7.1.6 File SumSampleAI.out

This ﬁle is only written out when specifying run option --sample (see subsection 5.2.9. It gives a brief summary of the characteristics of the analysis and average information matrix for which samples were obtained, together with means and variances across replicates. In addition, large deviations between theoretical results from the information matrix and samples obtained are ﬂagged.

7.2 Additional results

These are large ﬁles, most likely subject to further processing by other programs. Thus they contain minimum or no text. They have extension .dat.

7.2.1 File Residuals.dat

This ﬁles gives the residuals for all observations, for the model ﬁtted and current estimates of covariance components. It has the same order as the data ﬁle, and contains 3 or more space separated columns:

(a): Column 1 contains the estimated residual.
(b): Column 2 gives the corresponding predicted observation (y-hat).
(c): Column 3 gives the corresponding observation.
(d): Column 4 gives the observation adjusted for ﬁxed eﬀects for analyses with run options --blup, --solvit or --s1step. This is useful in calculating predictive accuracies of breeding values (forward cross-validation).
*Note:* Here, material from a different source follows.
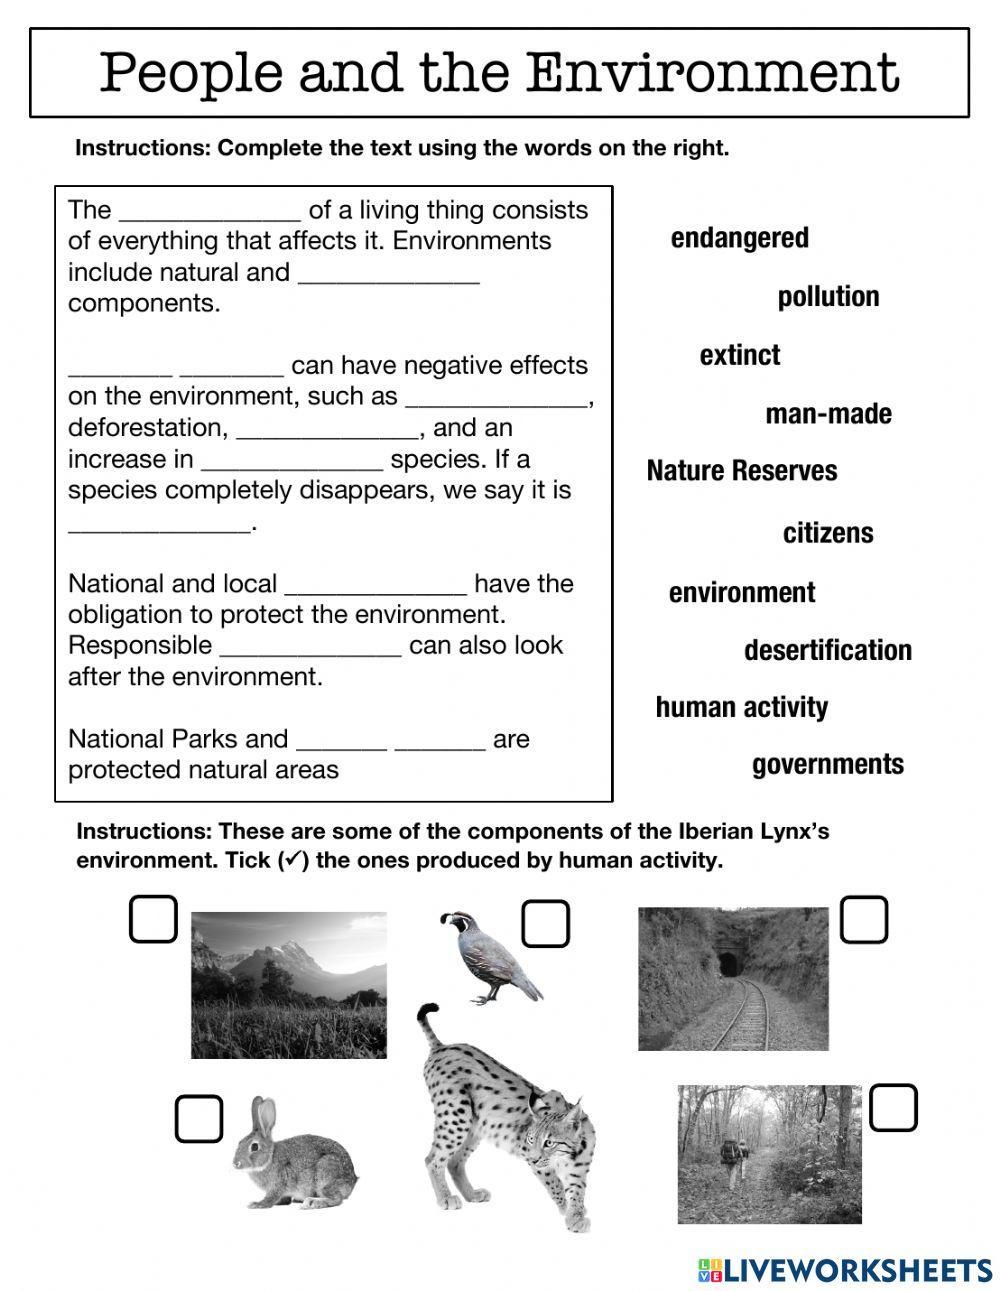 People and the Environment PRINTABLE

The ﬁrst line contains the column names. Note that this ﬁle is not produced for runs involving iterative solution of the mixed model equations.

Summary statistics about the distribution of residuals can be readily obtained using standard statistical packages. For example, the following R commands compute means, standard deviations and quartiles, and plot the two columns against each other as well as a distribution histogram for the residuals :

EXAMPLE:

res<-read.table(‘‘Residuals.dat’’) 
summary(res); sd(res) 
par(mfrow=c(1,2)) 
plot(res[,1],res[,3]); hist(res[,1])

7.2.2 File(s) RnSoln_rname.dat

Solutions for each random eﬀect are written to a separate ﬁle. These ﬁles have names RnSoln_rname.dat, with rname representing the name of the random eﬀect. Columns in these ﬁles are :

(a): Column 1 gives the running number for the level considered
(b): Column 2 gives the corresponding original code.
(c): Column 3 gives the ’eﬀect’ number, where, depending on the analysis, ’eﬀect’ is a trait, principal component or random regression coeﬃcient.
(d): Column 4 gives the solution.
(e): Column 5 gives the sampling error of the solution, calculated as the square root value of the corresponding diagonal element of the coeﬃcient matrix in the mixed model equations. This is only available, if the last iterate has been carried out using an EM or PX-EM algorithm (or if FORCE-SE has been invoked).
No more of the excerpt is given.